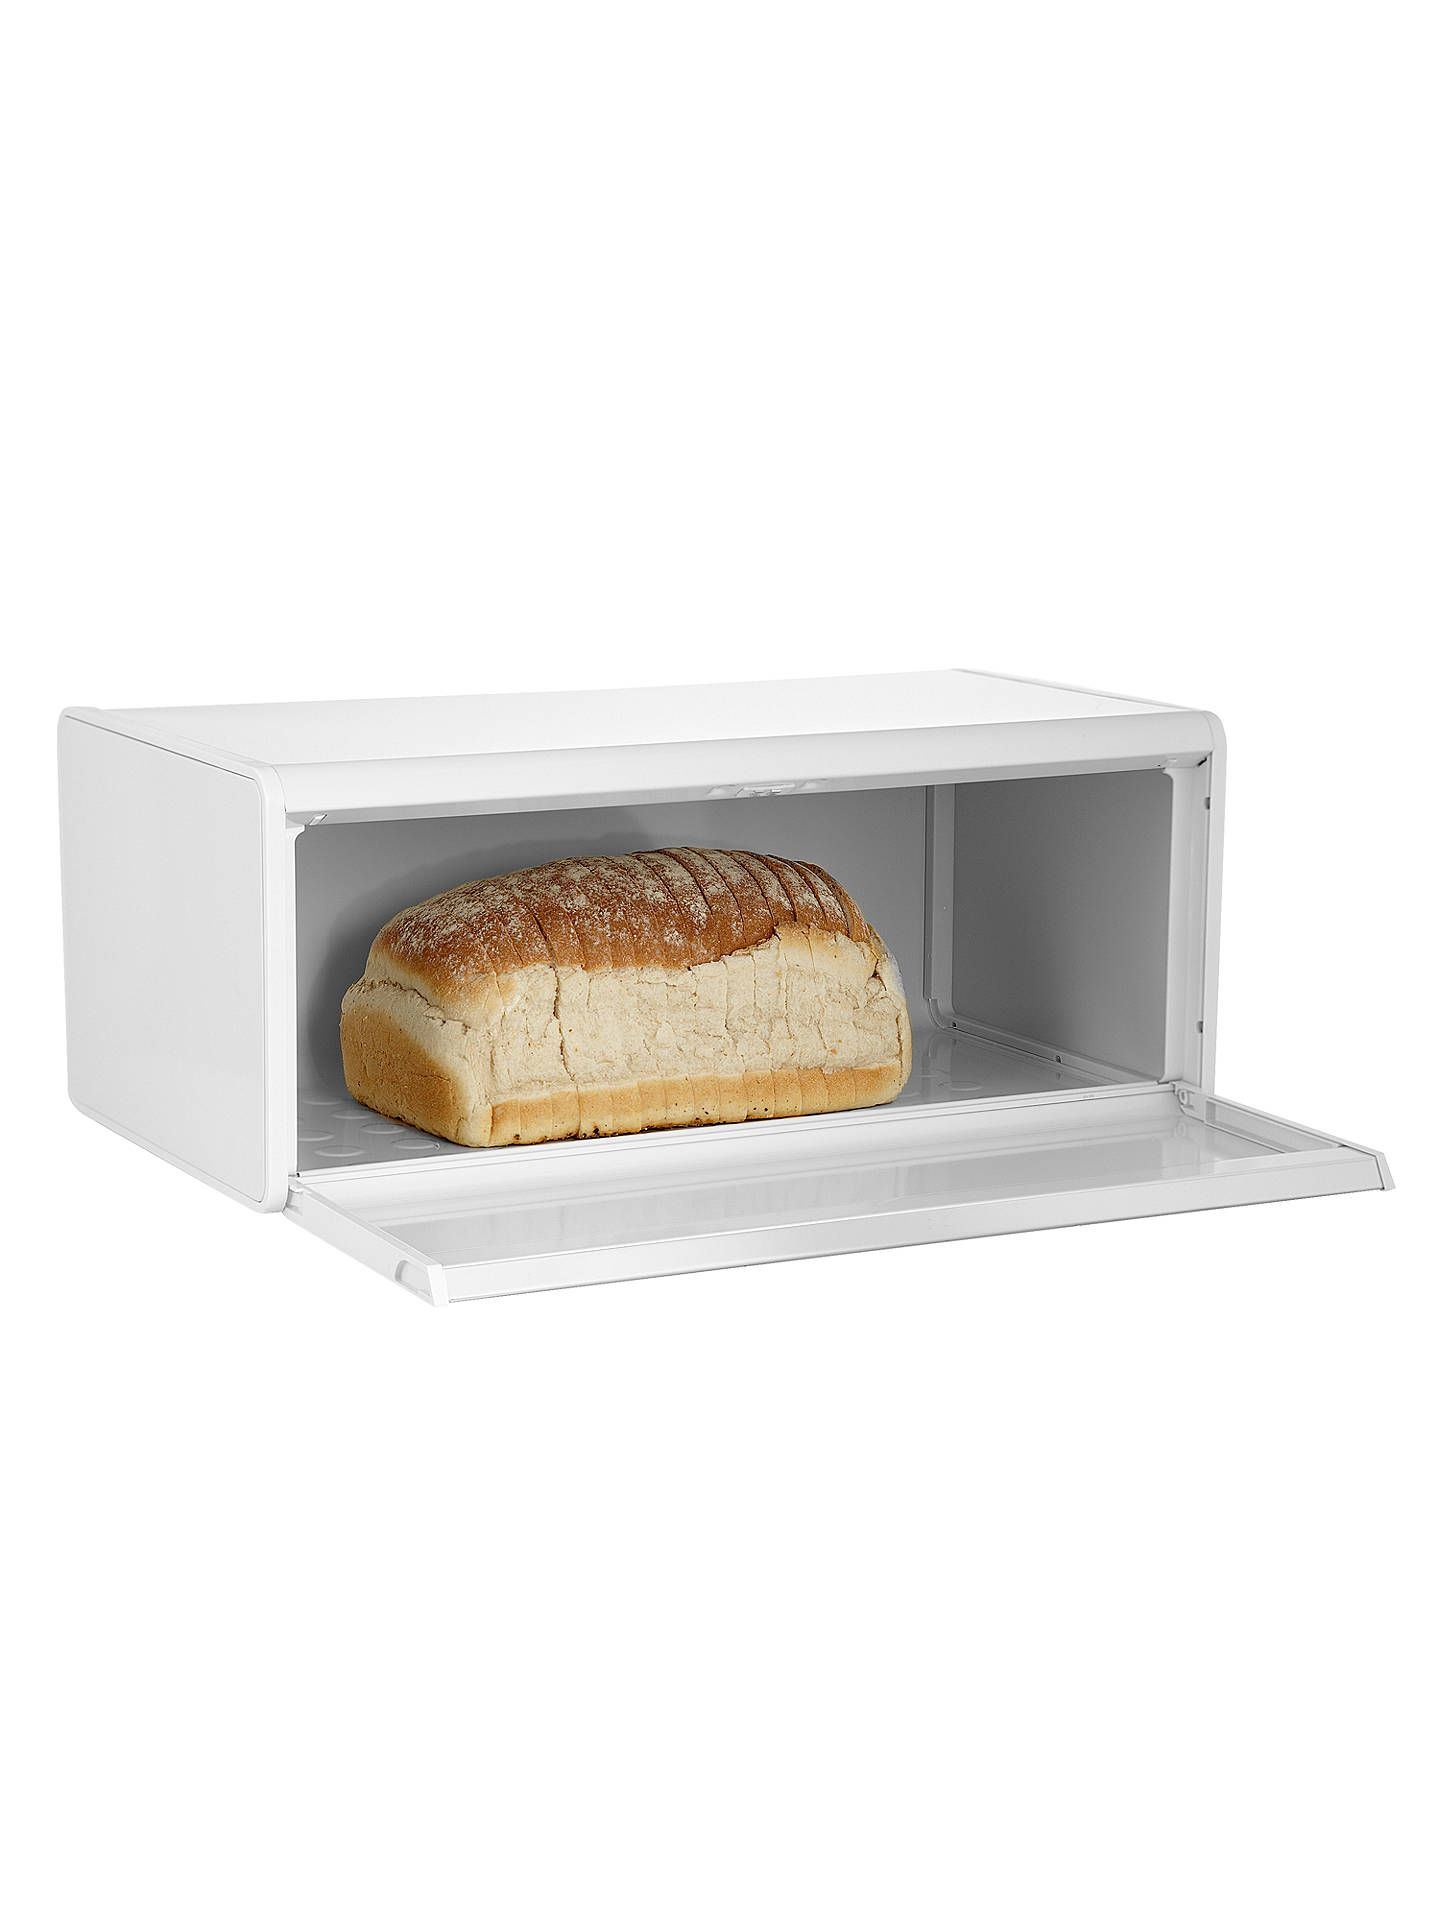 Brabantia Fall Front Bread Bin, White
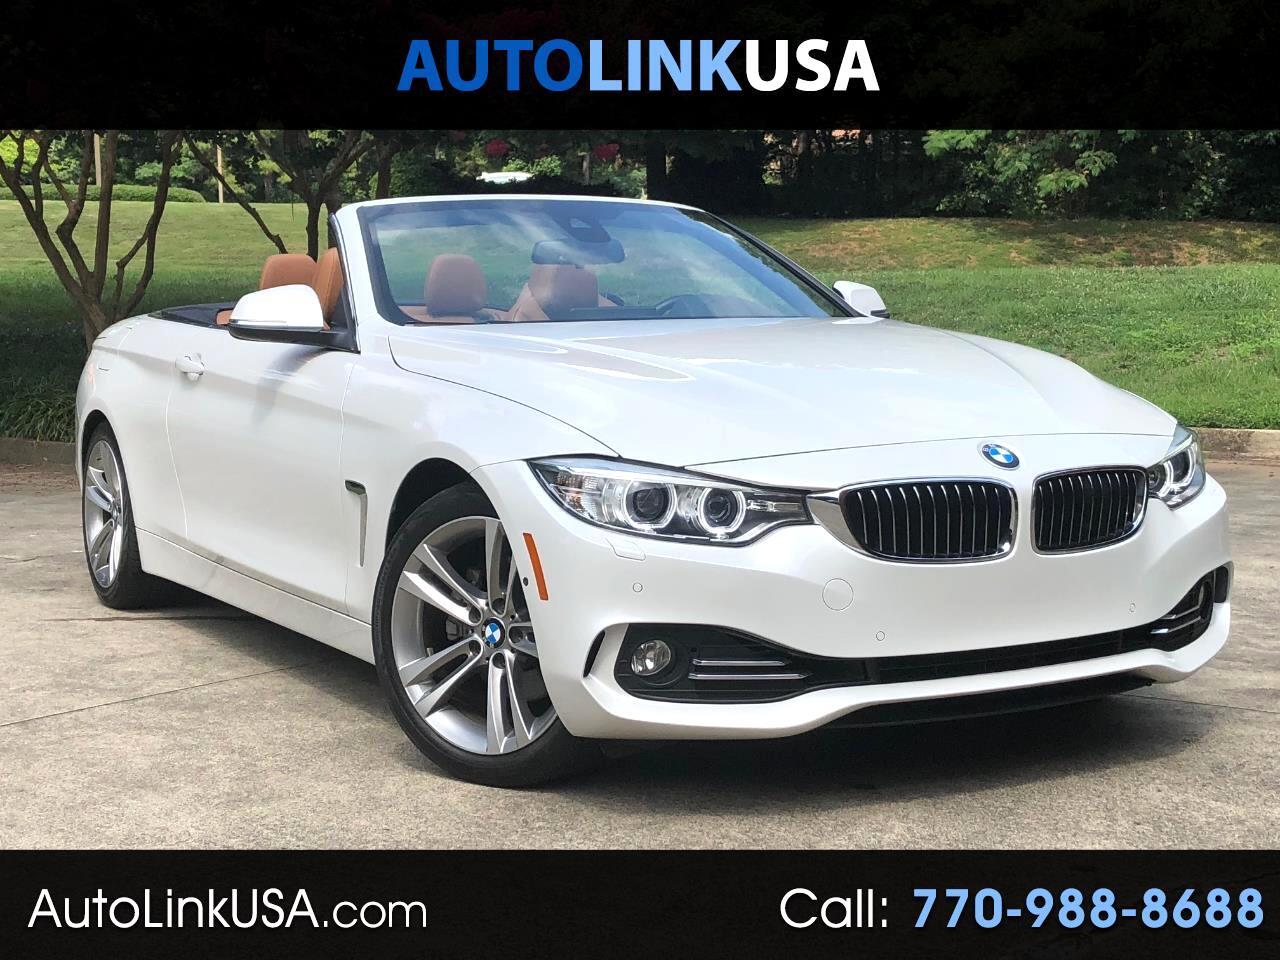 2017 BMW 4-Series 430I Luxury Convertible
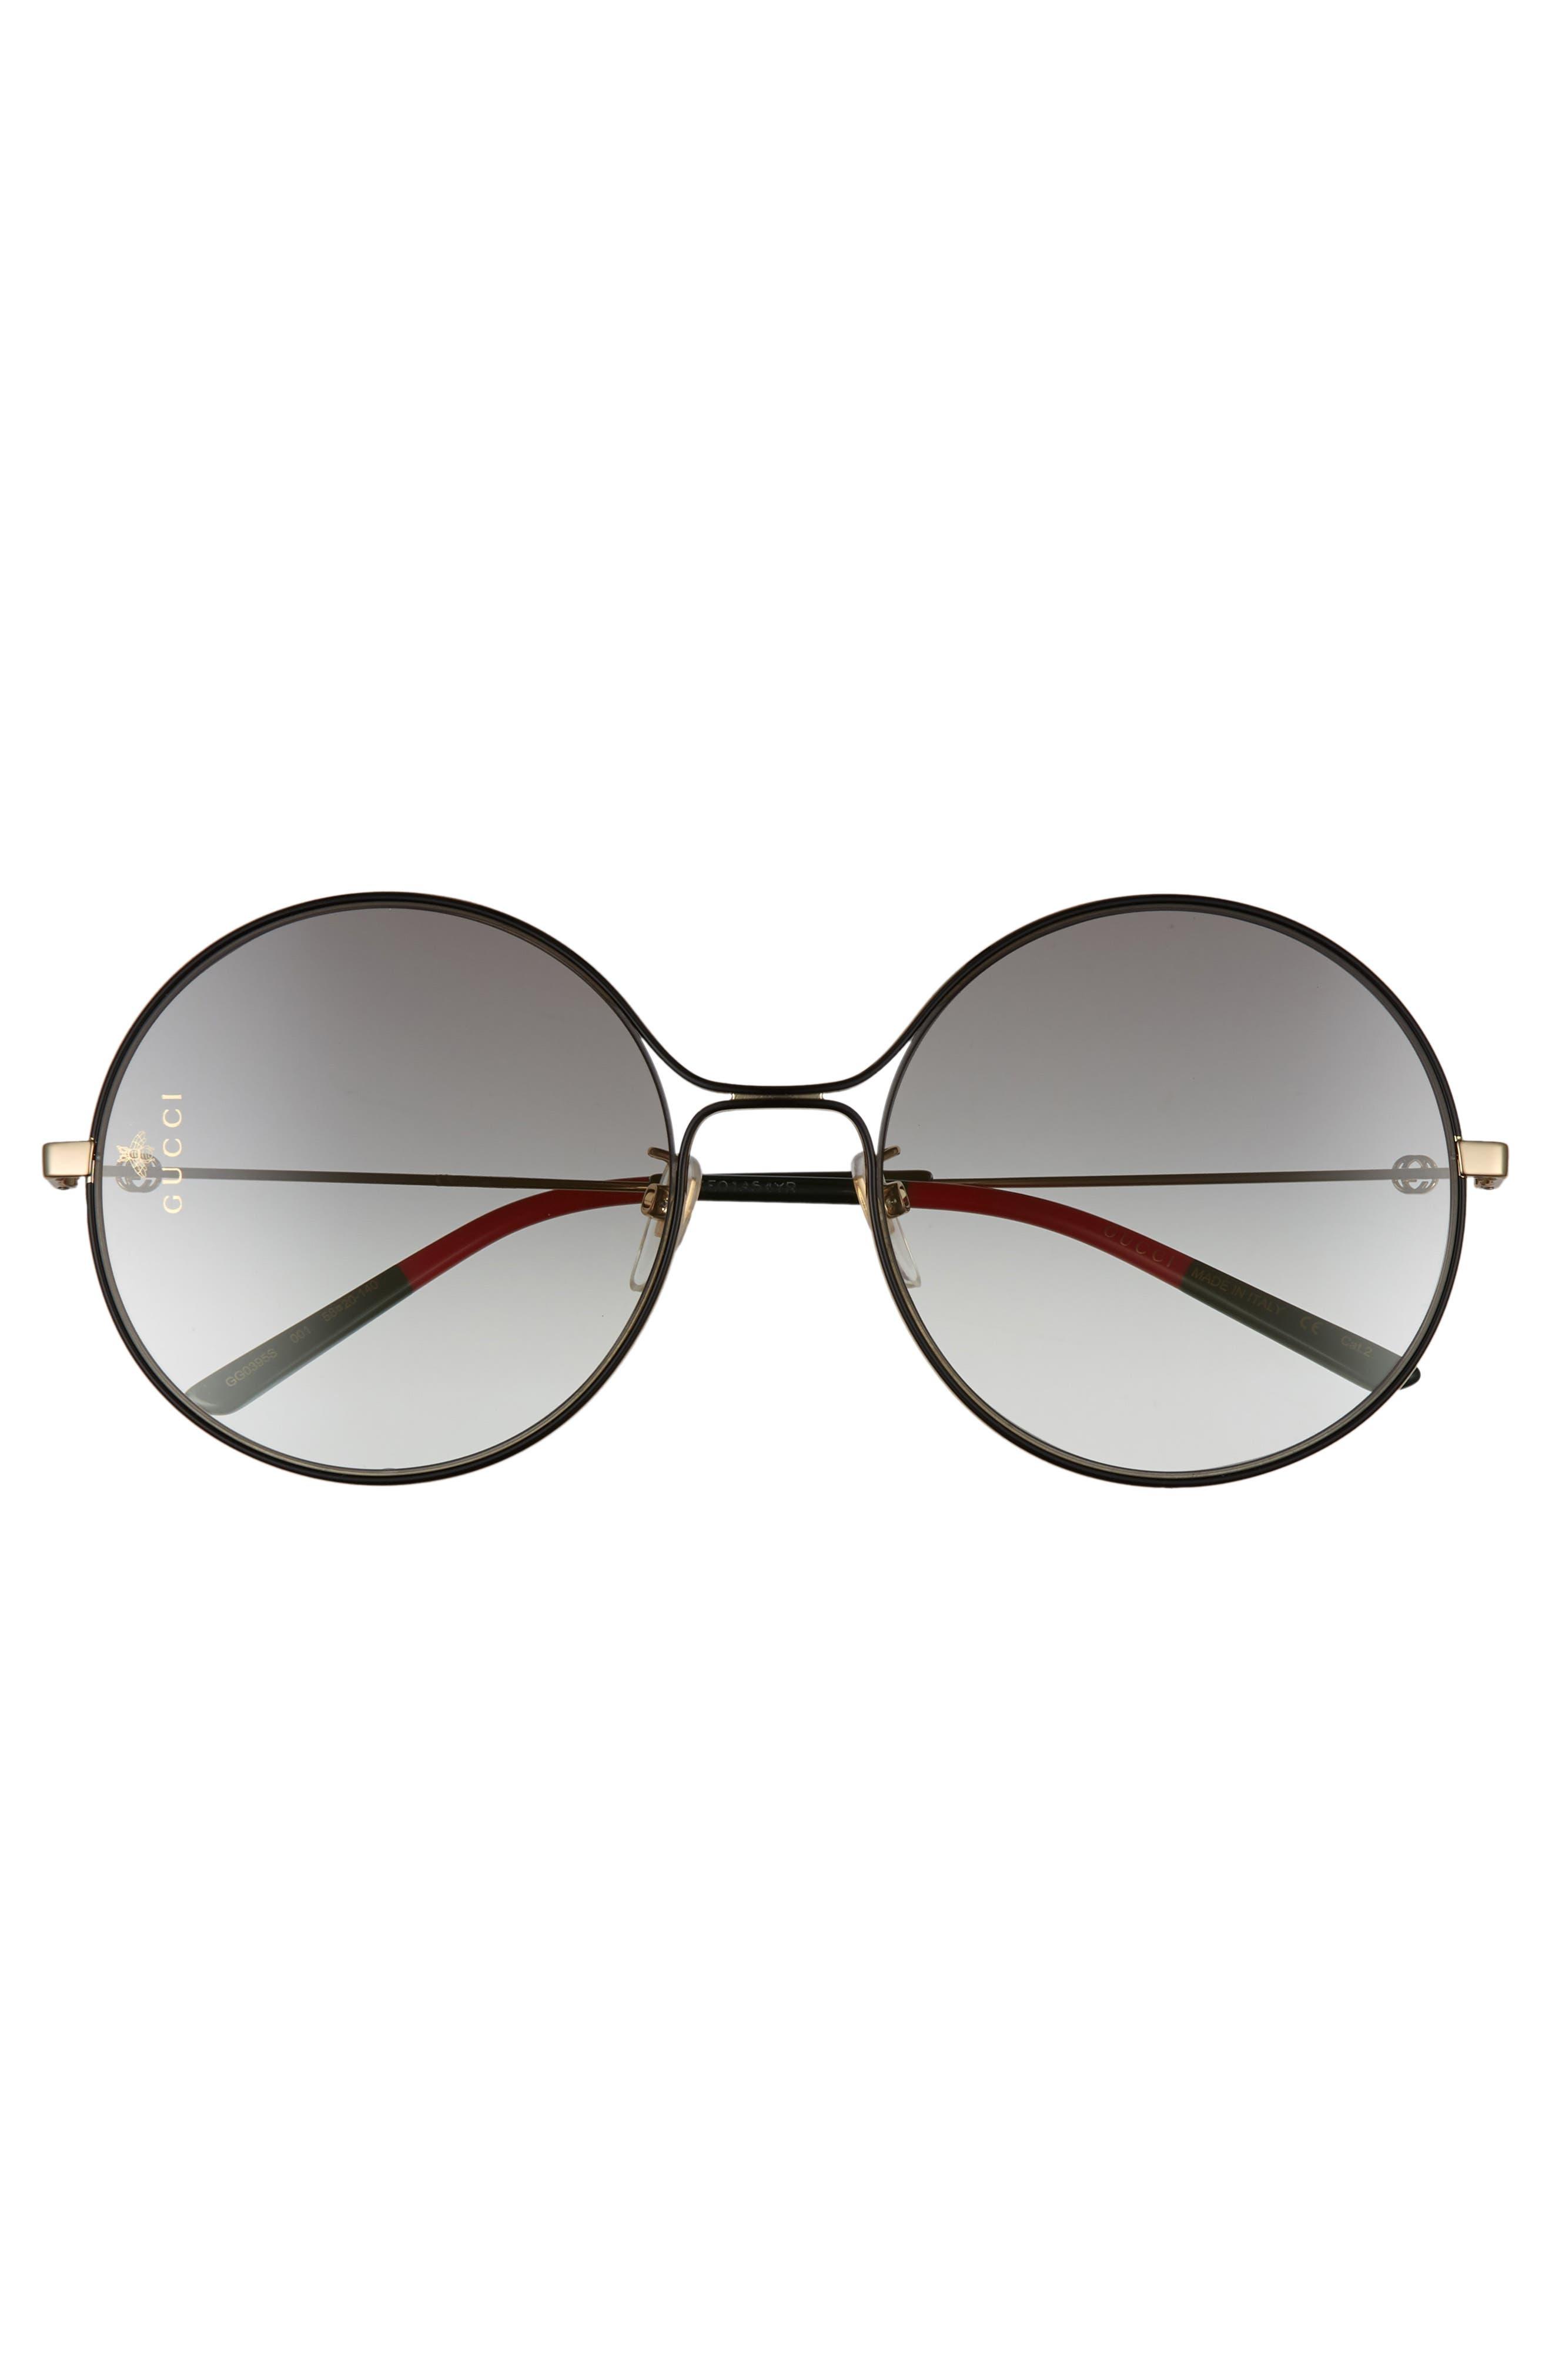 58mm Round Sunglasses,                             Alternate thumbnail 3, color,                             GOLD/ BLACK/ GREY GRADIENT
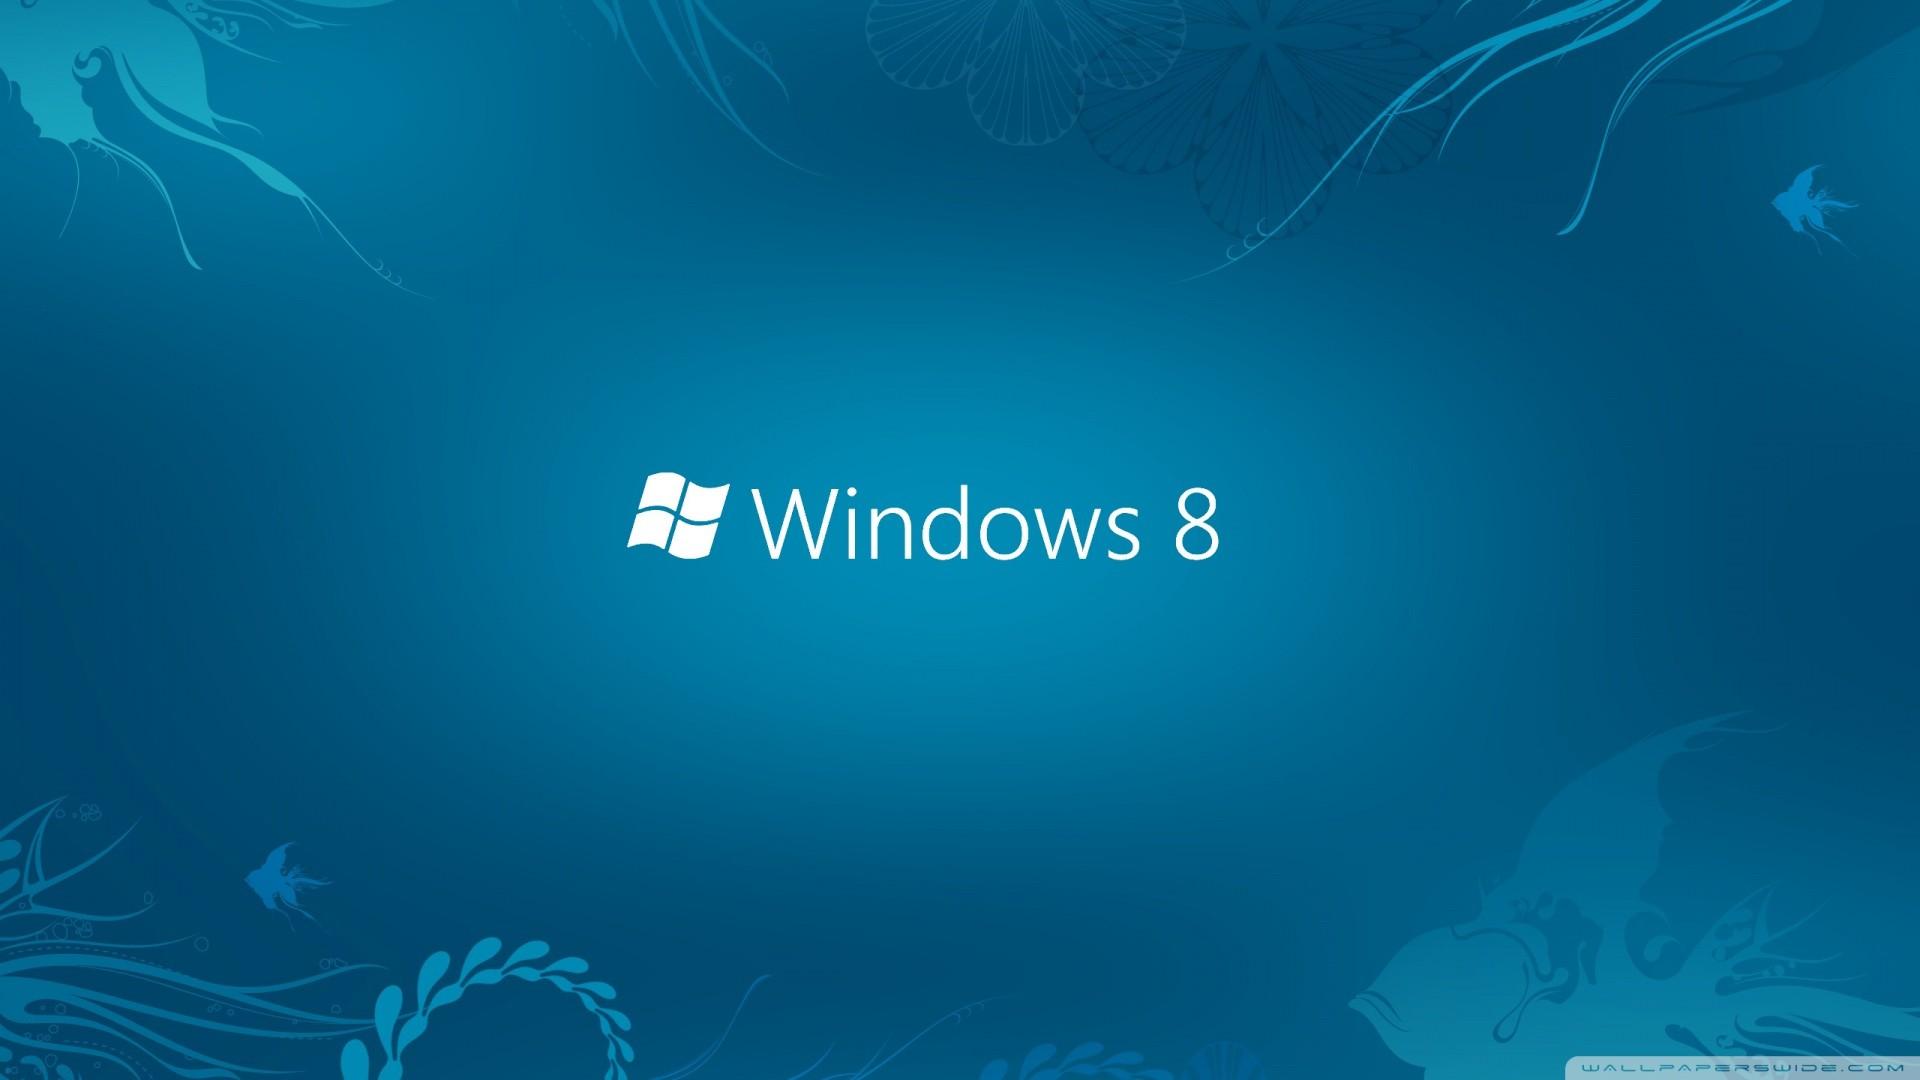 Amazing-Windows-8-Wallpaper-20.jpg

- - - -

**Exercise:** Apart from the pictures, the material above has to be repeated exactly.

**Result of this exercise:**
 Brabantia Fall Front Bread Bin, White
 2017 BMW 4-Series 430I Luxury Convertible
 58mm Round Sunglasses,                             Alternate thumbnail 3, color,                             GOLD/ BLACK/ GREY GRADIENT
 Amazing-Windows-8-Wallpaper-20.jpg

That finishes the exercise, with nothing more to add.